Behind closed doors

Has the Chico City Council violated California’s open-meeting law?

Jessica Allen works with the Chico Conservation Voters, an environmental and social justice advocacy group that endorsed Prop. 42, which passed this June.

Jessica Allen works with the Chico Conservation Voters, an environmental and social justice advocacy group that endorsed Prop. 42, which passed this June.

PHOTO BY HOWARD HARDEE

Local activist Jessica Allen acknowledges there’s been confusion regarding the cease-and-desist letter she sent to the city of Chico on Aug. 5.

In the 22-page document, Allen alleges five violations of the Ralph M. Brown Act by the Chico City Council, mostly relating to Mark Orme’s appointment to the city manager post on July 1.

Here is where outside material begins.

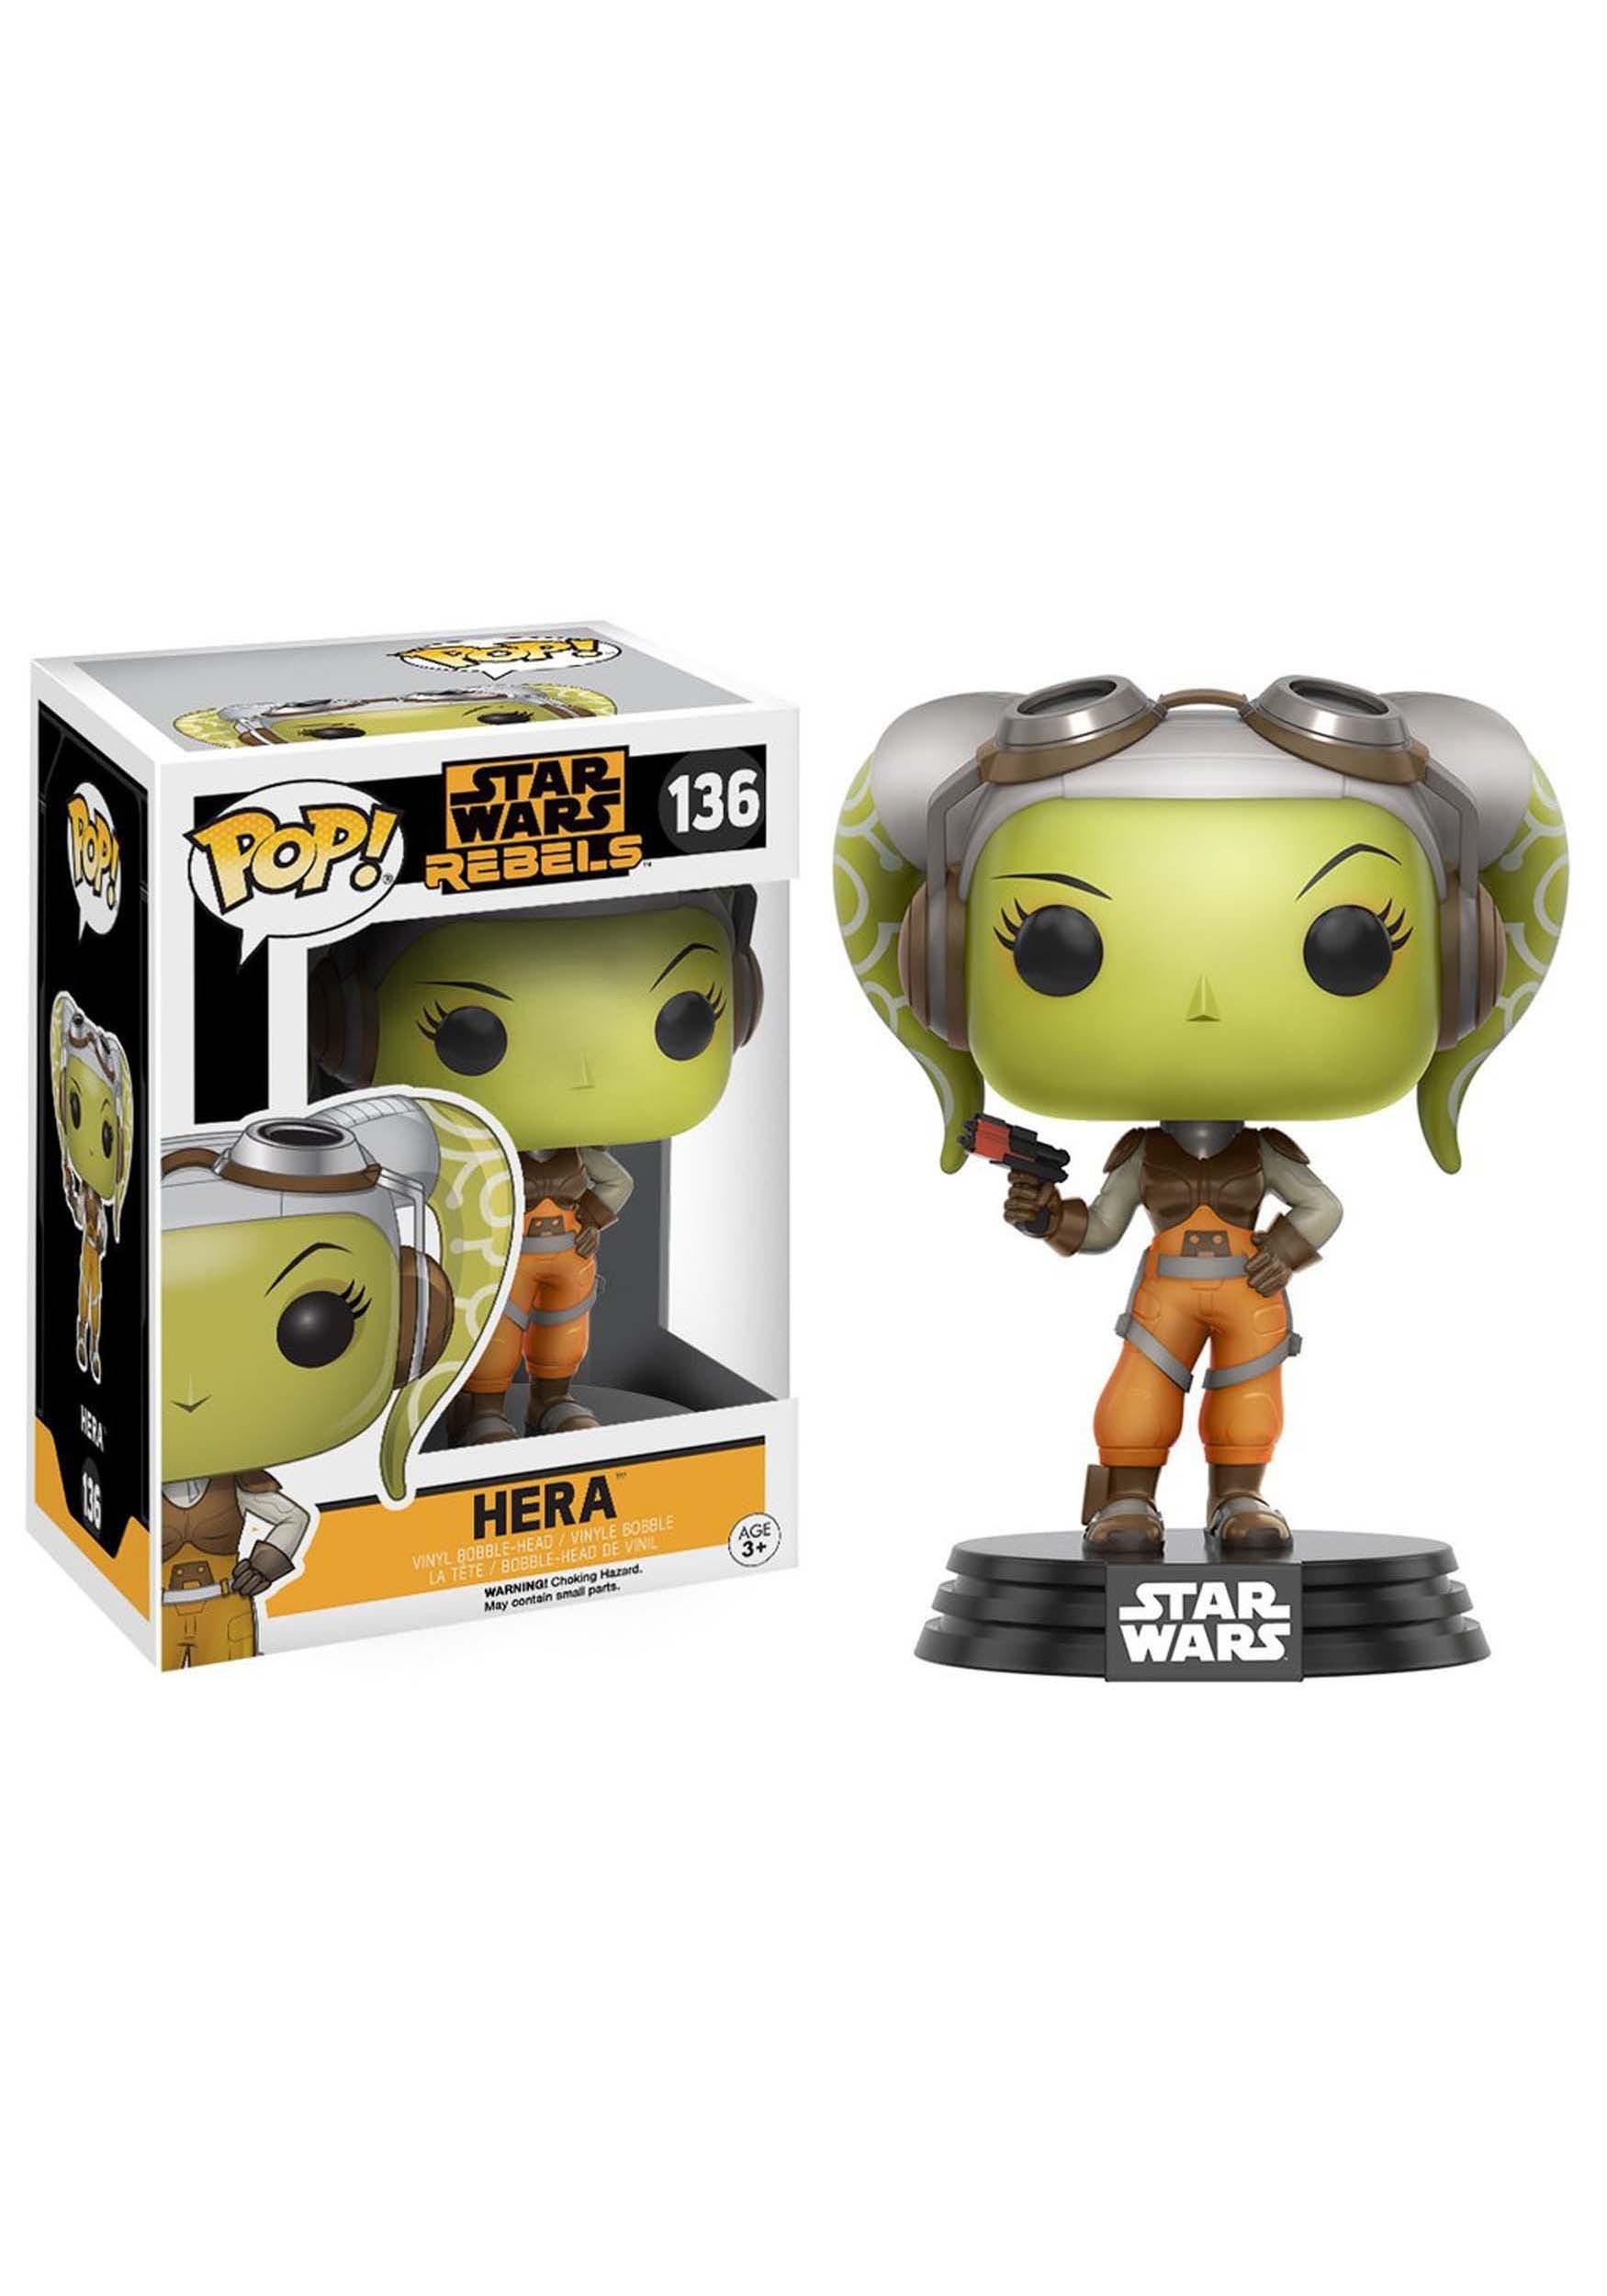 Star Wars: Rebels - Hera Bobblehead POP Figure FN10774

“People think I’m complaining about the appointment of Mark Orme—which was legal in a closed session,” she said during a recent interview with the CN&R. “But the fact that they don’t properly put the items on the agenda and they don’t make the announcements after they [take action] is really the problem.

“The process needs to be sound and follow the Constitution.”

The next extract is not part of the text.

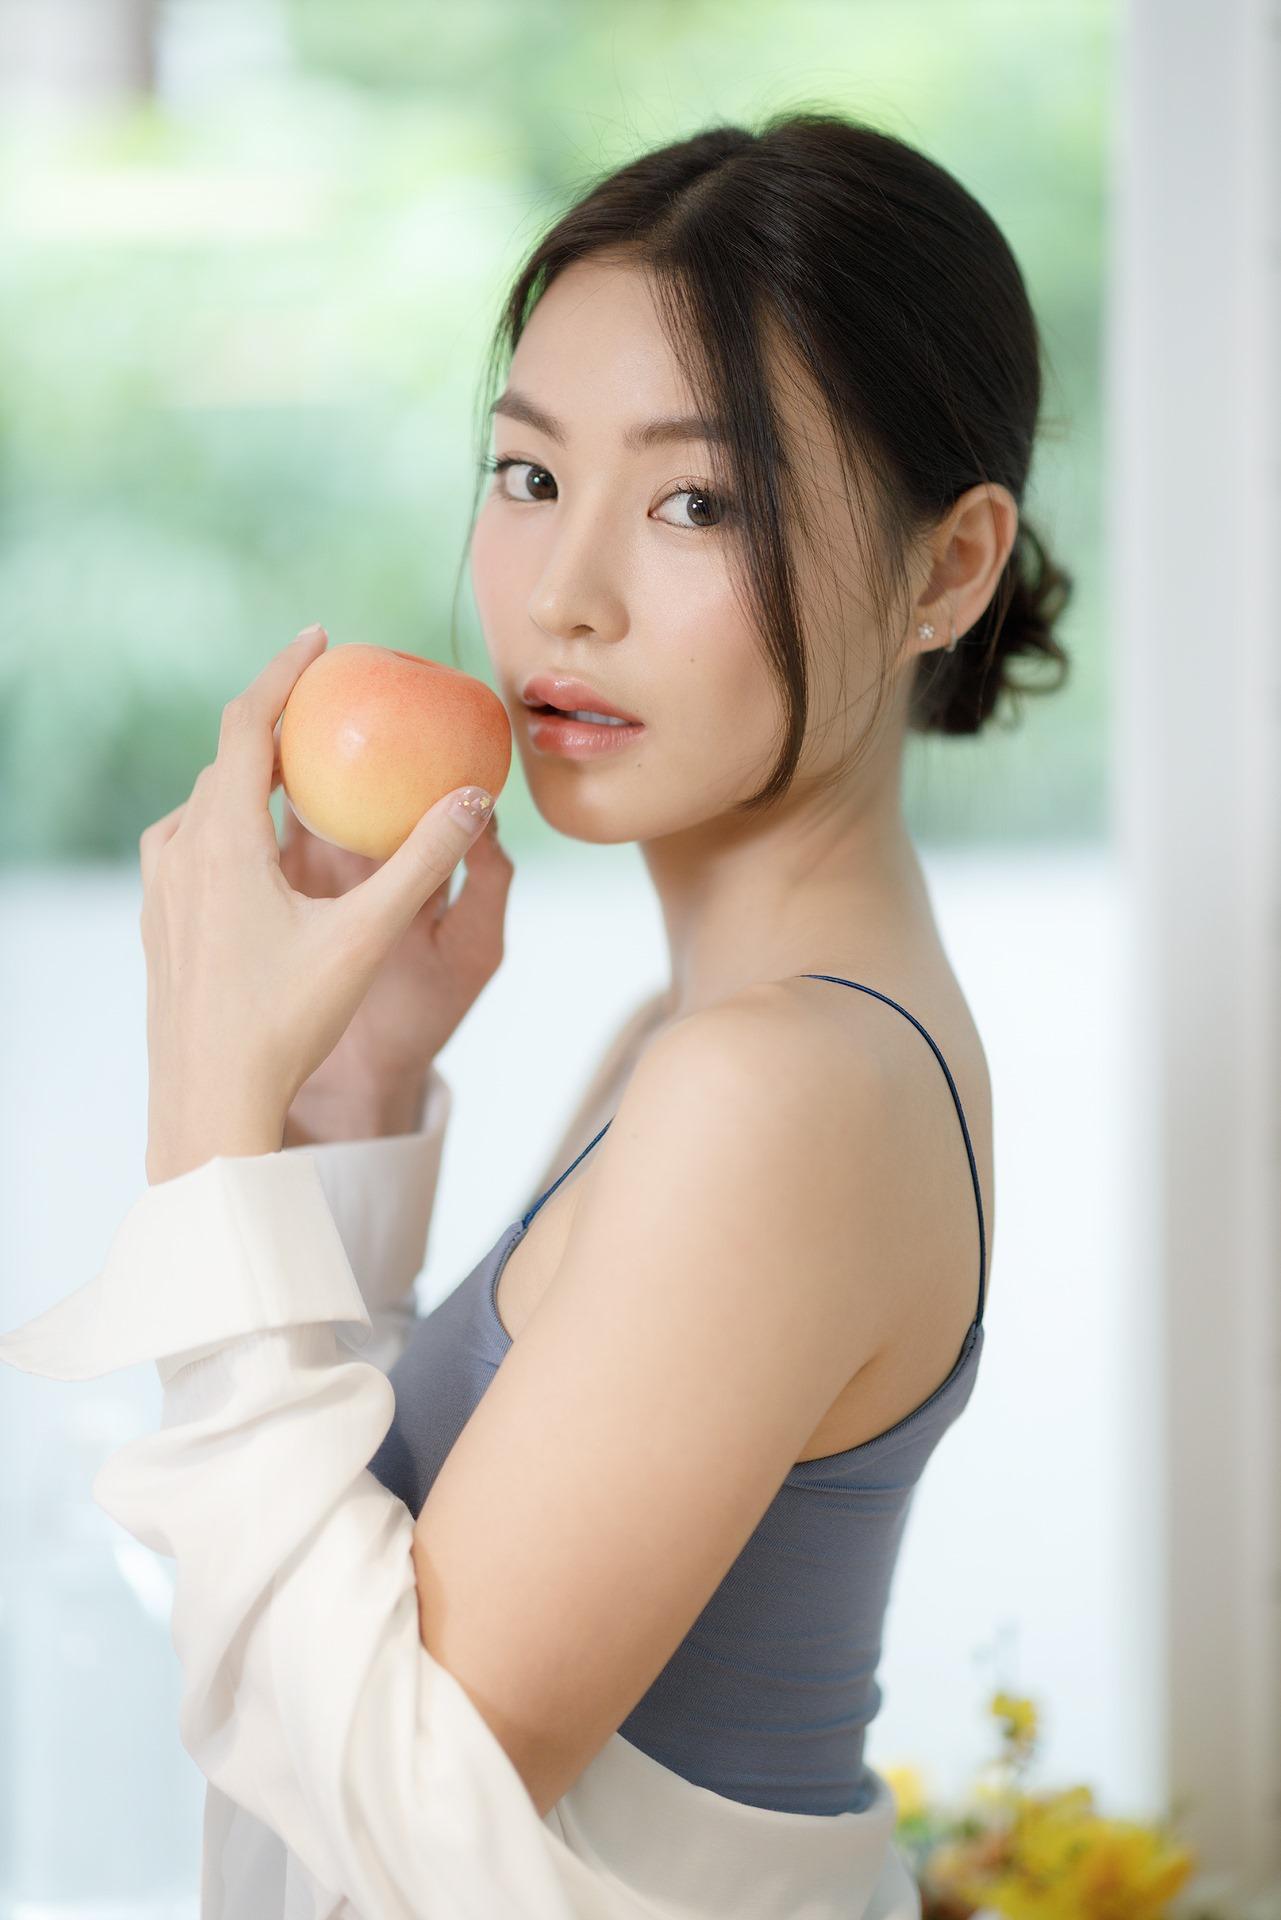 Fruity - Kapook Phatchara

The Brown Act was passed by the California Legislature in 1953, largely in response to government officials using secretive meetings guised as “study sessions” or “workshops” to avoid public scrutiny. The law’s intent was to ensure that members of the public have unrestricted access to meetings of public bodies.

This June, California voters reinforced both the Brown Act and the California Public Records Act by approving Proposition 42, a measure requiring that local governments fully comply with those laws.

Right around the time of that vote, the Chico City Council made some high-profile decisions behind closed doors—namely, hiring Orme for a set salary and producing a series of options for the Chico Certified Farmers’ Market on June 3 regarding its longstanding franchise agreement on city-owned property.

Did the council violate the Brown Act? According to La Verne-based attorney Kelly Aviles, an expert on the law, that depends on the details.

The most egregious alleged violation outlined in Allen’s letter occurred during closed session on July 1, when the council met to discuss hiring a permanent city manager. If that’s as far as the conversation went, Aviles said, there would be no issue.

“They can go ahead and talk about the appointment of a city manager [in closed session],” she said. “But they cannot discuss compensation.”

Mayor Scott Gruendl sent out a press release on July 2 announcing that the council had appointed Orme to the city’s top position. The release reads: “[The council] made a statement by reducing the city manager’s pay by $9,500, from the $217,000 the former city manager was paid to $207,500.”

To both Allen and Aviles, that suggests compensation was in fact discussed. “If they didn’t talk about it in closed session that day,” Aviles asked, “when did they do it?”

Further, the council should have announced the action taken during that closed session at the council’s regular meeting, Allen maintains. Instead, City Attorney Vince Ewing announced that the council had voted 4-3 in closed session on a matter concerning the city manager position; what the council voted on and how each member voted was not explained to the public.

Aviles pointed to California government code, section 54957, which reads: “Action taken to appoint, employ, dismiss, accept the resignation of, or otherwise affect the employment status of a public employee in closed session … shall be reported at the public meeting during which the closed session is held.”

Allen argues the council was in violation again on July 3, when it held a special meeting to approve Orme’s contract. During that meeting, the council realized its mistake. Gruendl explained they received legal advice that an employee contract cannot be approved at a special meeting. The panel went on to discuss only whether to hire Orme.

Further back, during a closed session held on June 3 under an agenda item labeled “anticipated litigation,” the council produced a series of options for the Saturday farmers’ market, which Allen says contained “content not protected by any exemptions in the Brown Act.” Aviles agreed that the council appeared “to be making policy decisions … in closed session because it happened to relate to a lawsuit.”

On June 5, following that closed session meeting, the city announced via press release that then-Interim City Manager Orme had been authorized by the council to negotiate with farmers’ market representatives.

Starting on Aug. 5, the day Allen submitted her letter, the City Council has 30 days to respond to Allen. After that, she will have 60 days to take the matter to court.